# reel ideas........



## Guest (Jun 5, 2012)

just picked up a new ultra-lite st. croix premier (6') and would like some ideas on which reel, including size. i figure i can spend up to one hundred bucks if need be. i own shimano symetres and saharas along with a couple of quantums, so i am somewhat familiar with these. do i need to go as expensive on a gill rod as i did on my walleye and smallmouth rods? thanks for any help.


----------



## shorebound (Apr 26, 2008)

I would recommend the pfluger president to any one! I just got the 6920x for my new ultra light rod and absolutely love the set up. The reel is still continuing to impress me.


_OutdoorHub Mobile, the information engine of the outdoors._


----------



## Intimidator (Nov 25, 2008)

Laugh if you want...but to me there's nothing better than an old "coffee grinder" for panfish!
The New Abu Garcia Spincast 1270SLI (it can handle super lines) and the Zebco Omega PRO are top notch, strong, easy to use, and RELIABLE reels!
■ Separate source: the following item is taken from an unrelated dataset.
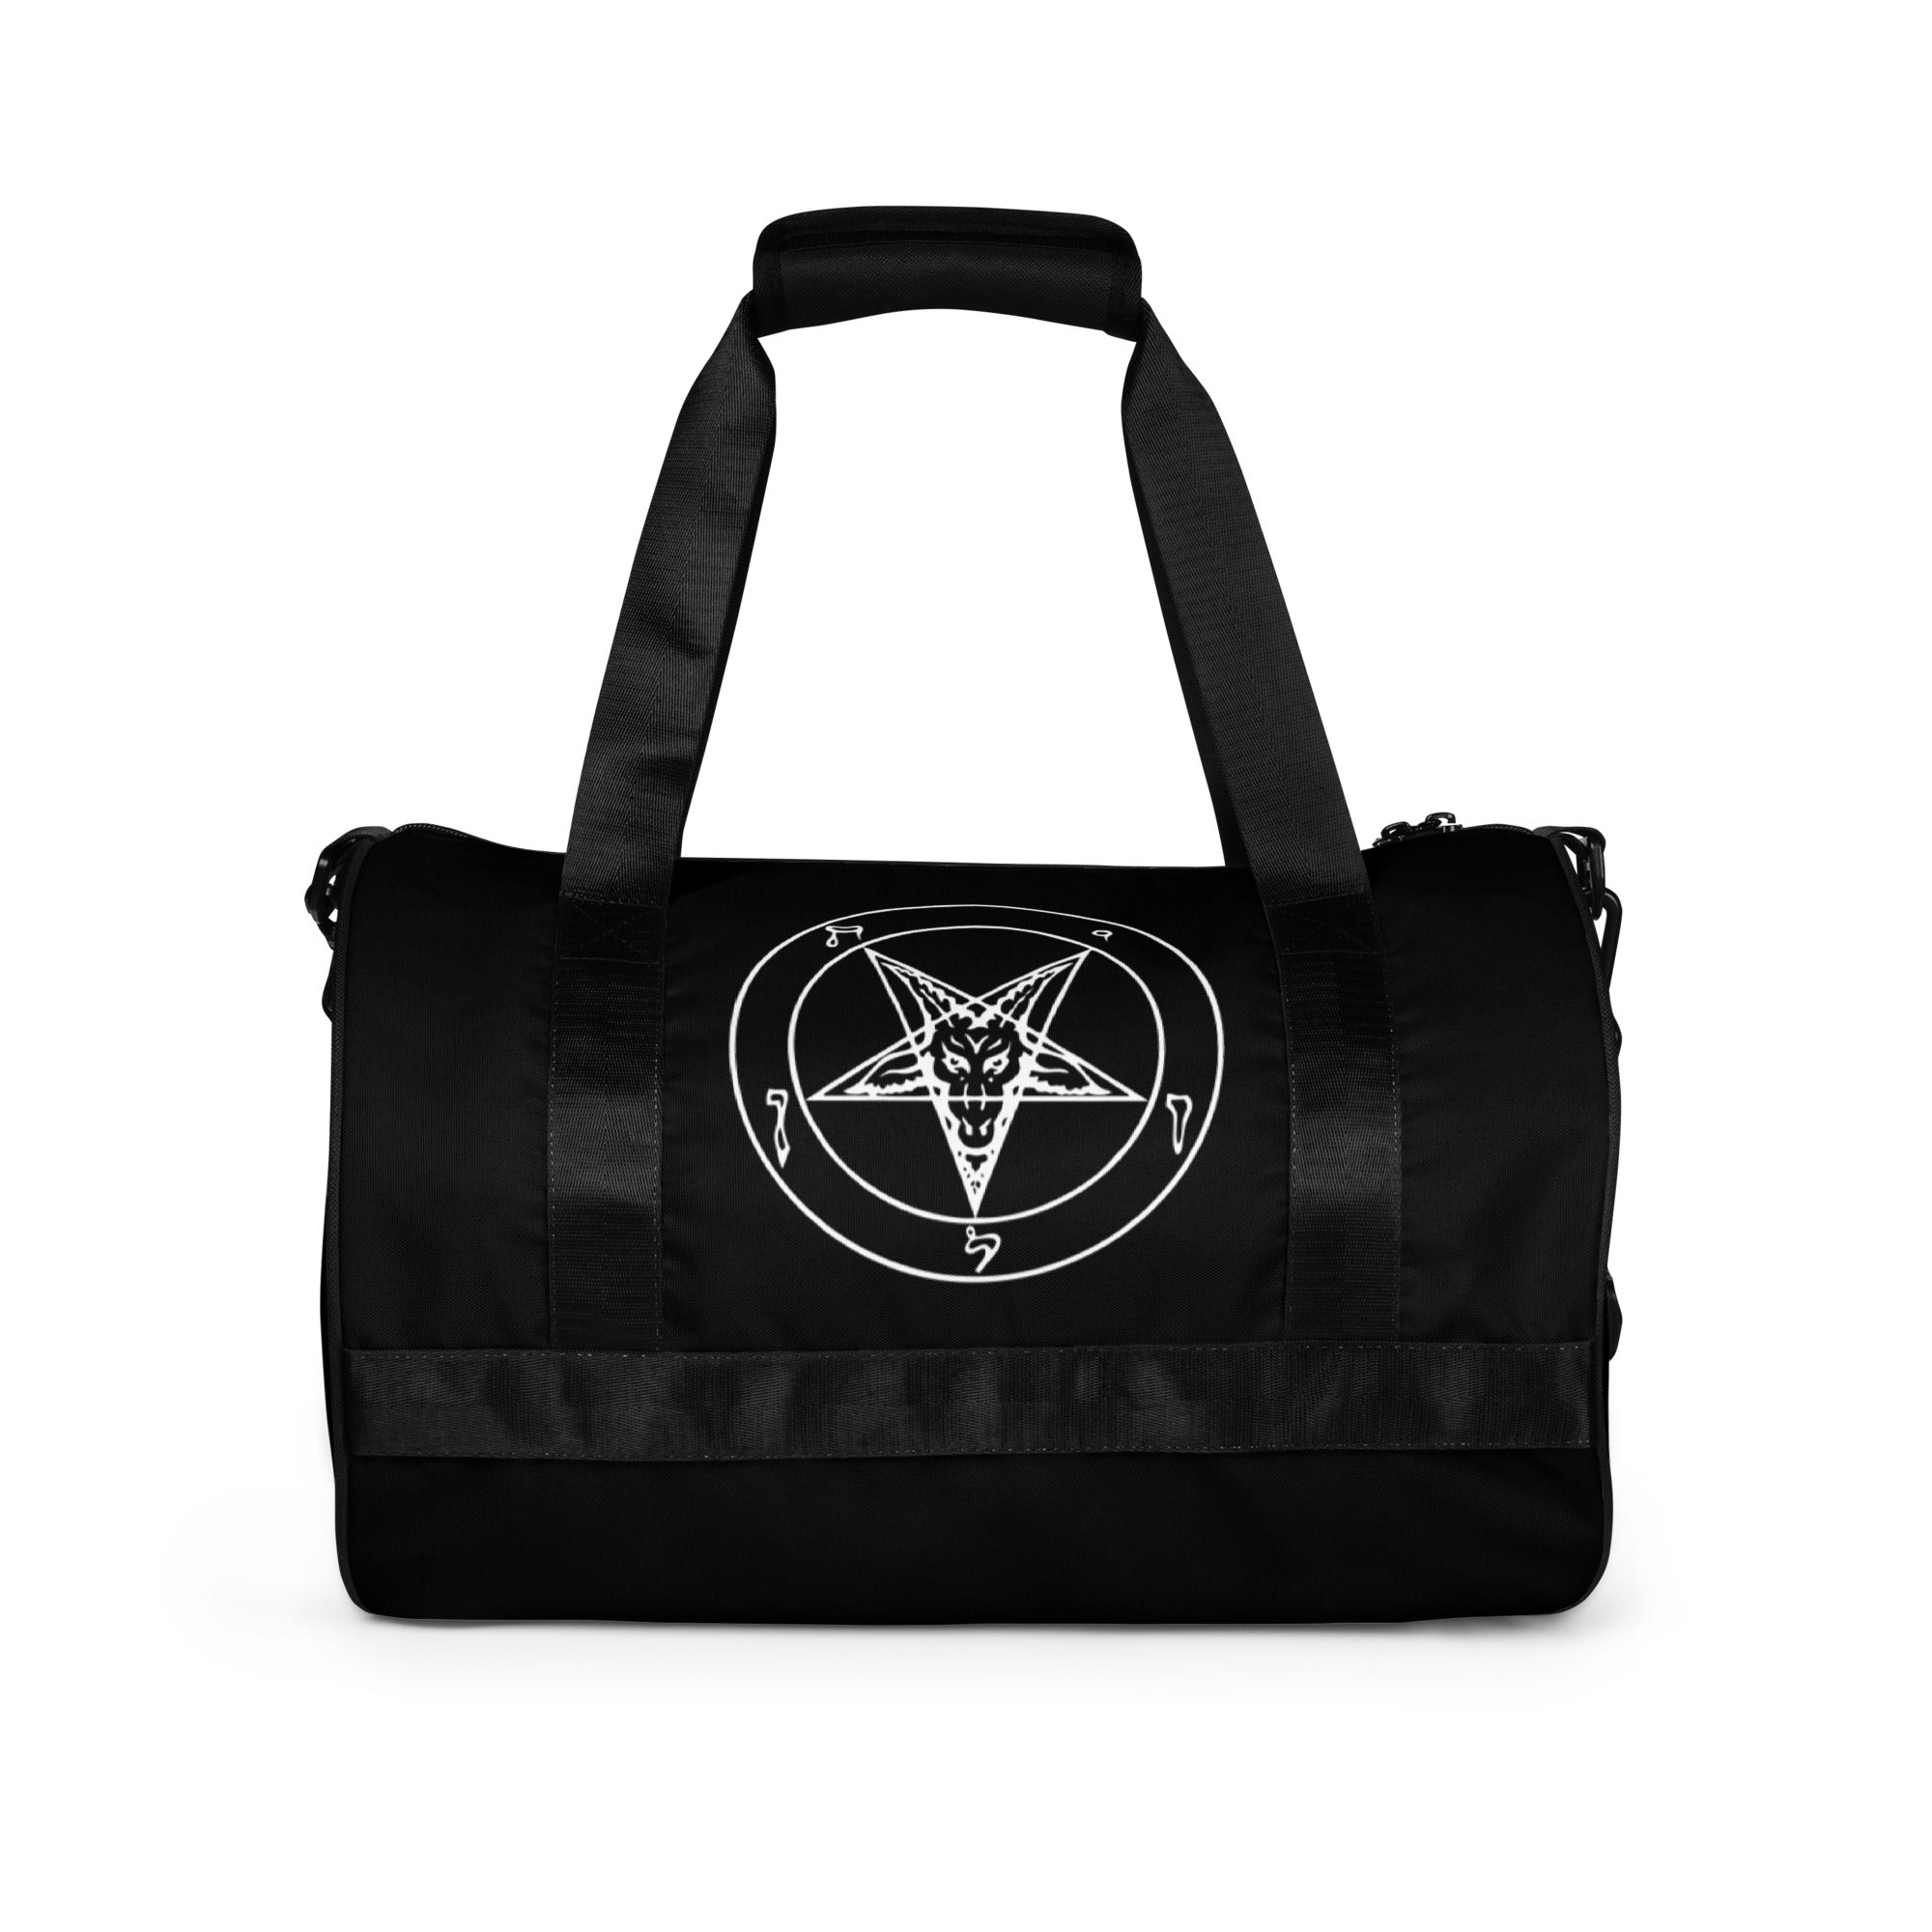 Hail Satan! Sigil of Baphomet Symbol on Black Gym Bag / Duffle Bag - Edge of Life Designs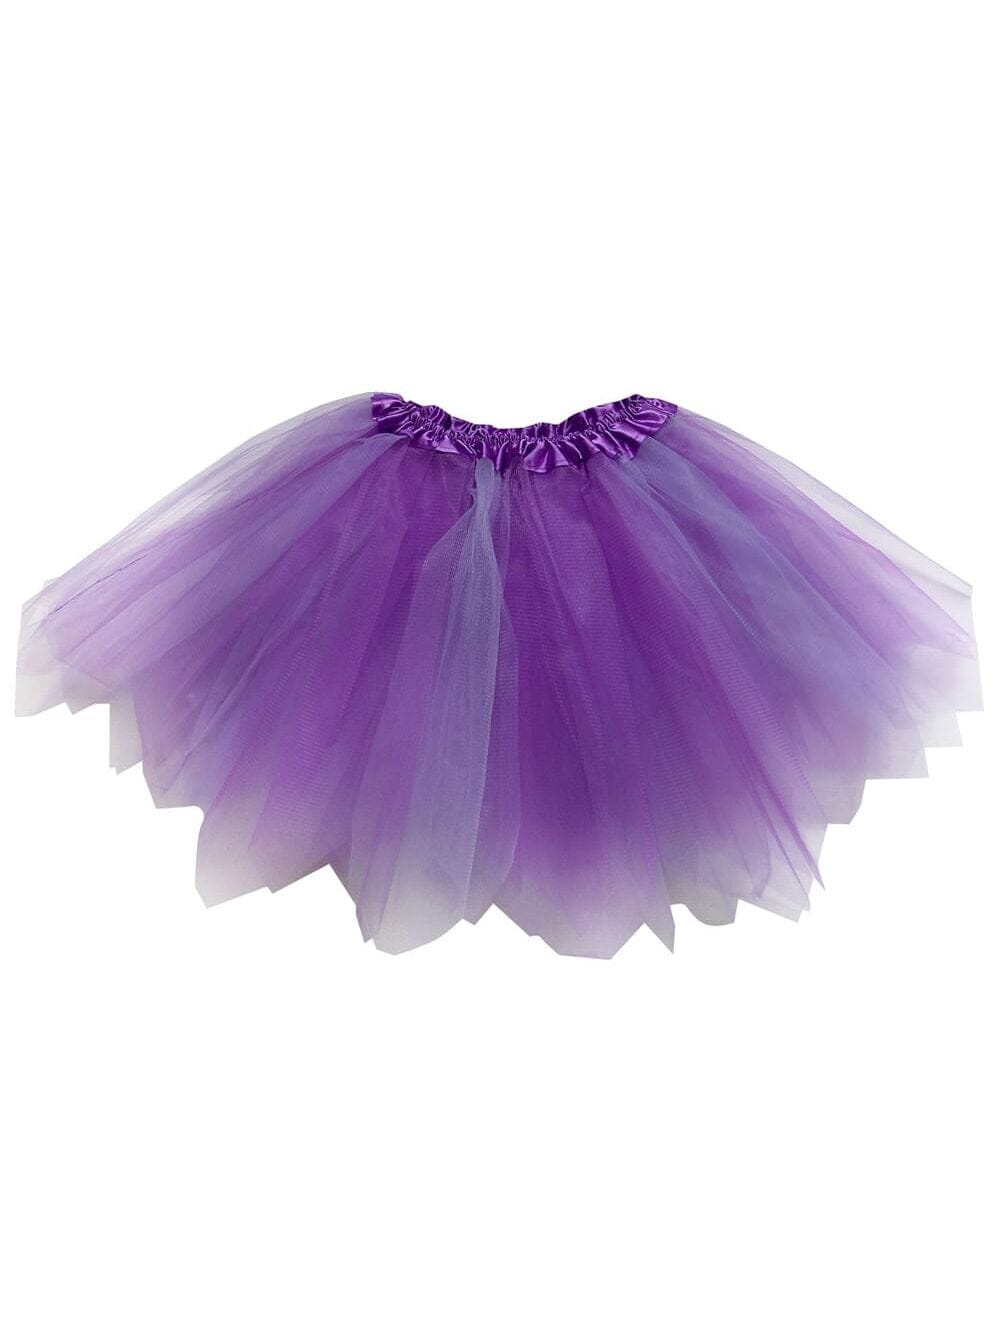 Lavender & Purple Fairy Costume Pixie Tutu Skirt for Kids, Adults, Plus - Sydney So Sweet

I use the ABU (with 10lb braid, 2lb dia) and my son loves the Zebco (8lb Nanofil) for our Crappie fishing!


----------



## Gills63 (Mar 29, 2012)

+ 1 for the president. I have one on each of my light action rods

Outdoor Hub mobile, the outdoor information engine


----------



## Guest (Jun 7, 2012)

i ended up buying a shimano sahara 1000 on clearance at dick's. good price on a solid reel.


----------